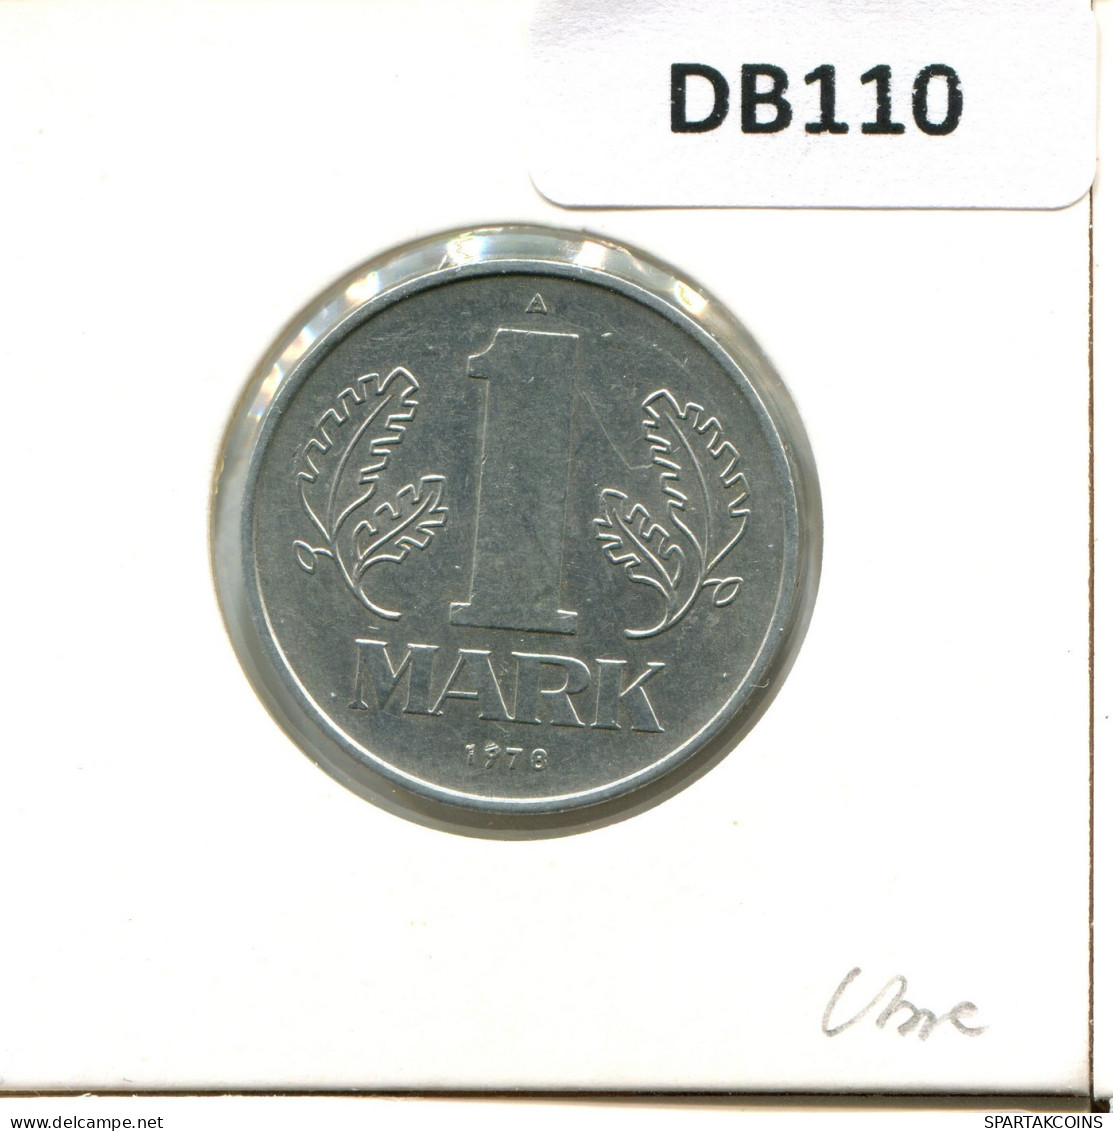 1 MARK 1978 A DDR EAST ALEMANIA Moneda GERMANY #DB110.E.A - 1 Marco
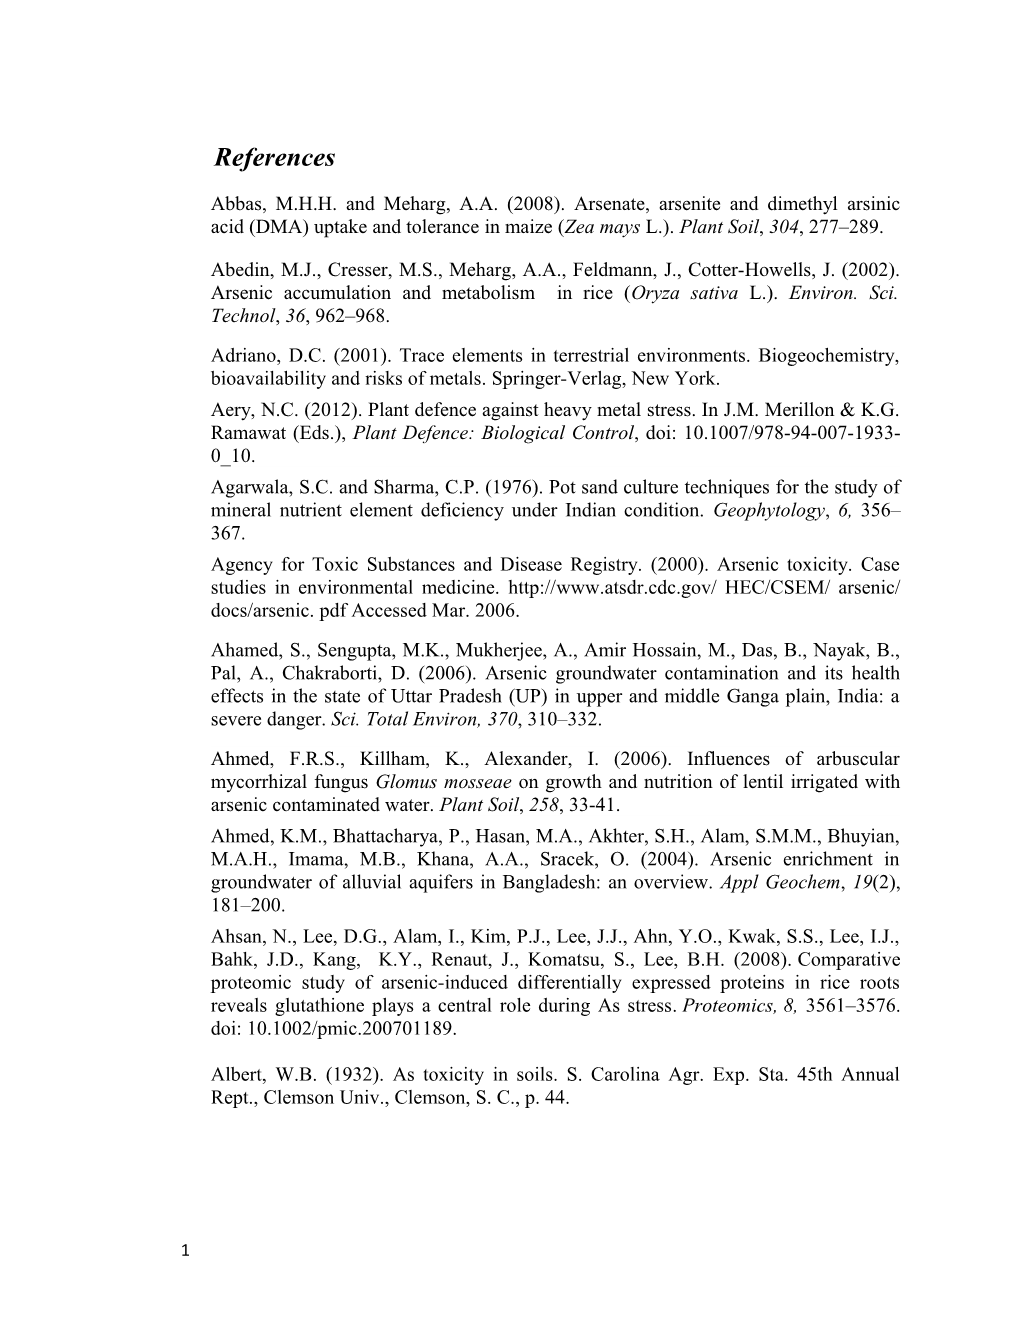 Abbas, M.H.H. and Meharg, A.A. (2008). Arsenate, Arsenite and Dimethyl Arsinic Acid (DMA)
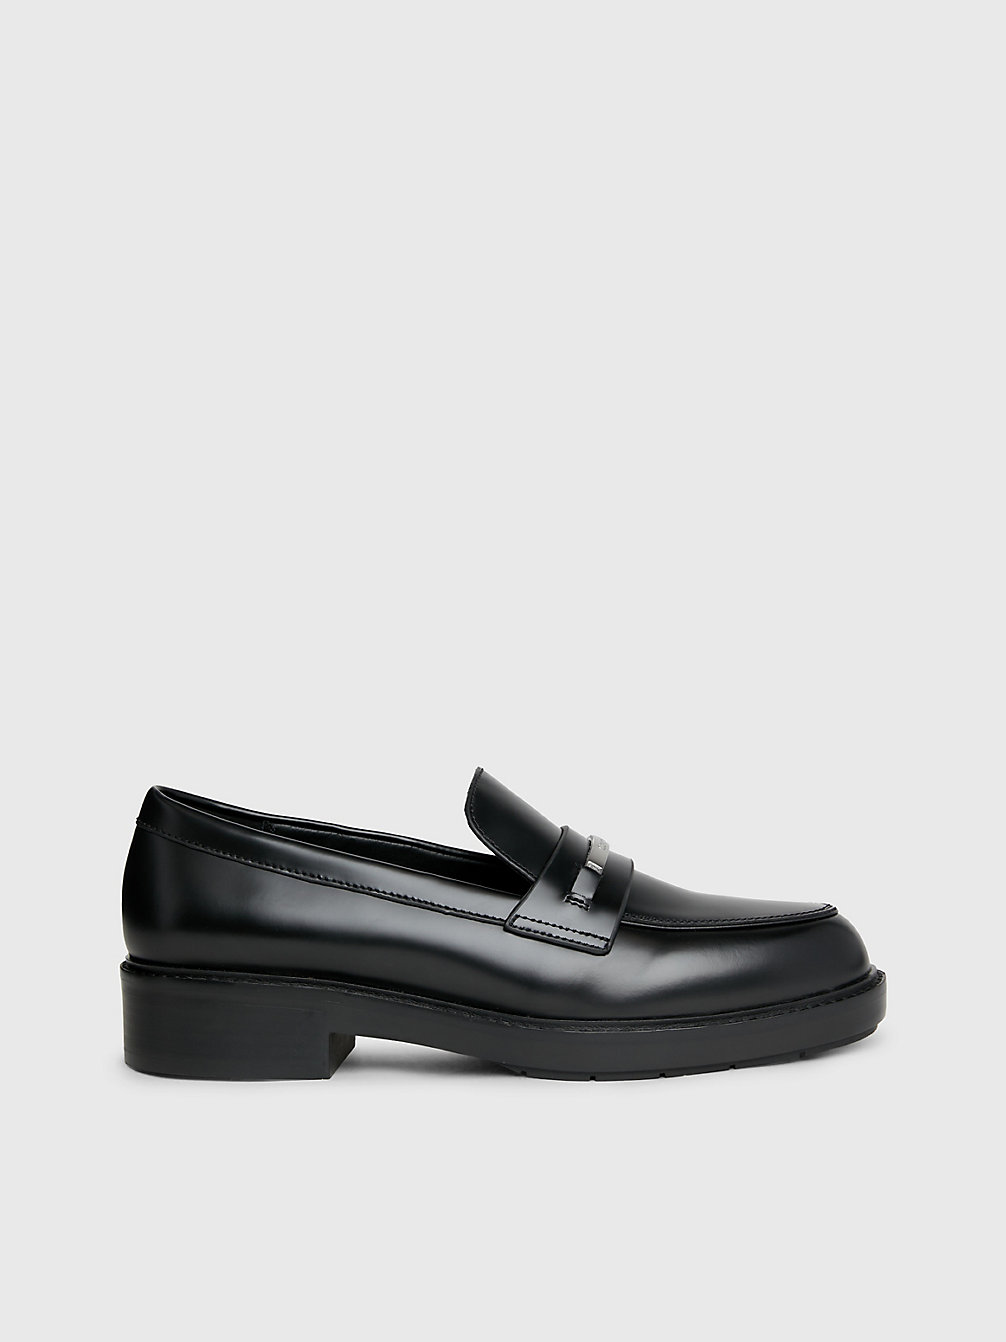 CK BLACK > Leather Loafers > undefined Women - Calvin Klein

__What the task asks__.
I would like the material repeated in full and exactly, with its images omitted.

__Exercise result__.
 1 MARK 1978 A DDR EAST ALEMANIA Moneda GERMANY #DB110.E.A - 1 Marco
 Abbas, M.H.H. and Meharg, A.A. (2008). Arsenate, Arsenite and Dimethyl Arsinic Acid (DMA)
 CK BLACK > Leather Loafers > undefined Women - Calvin Klein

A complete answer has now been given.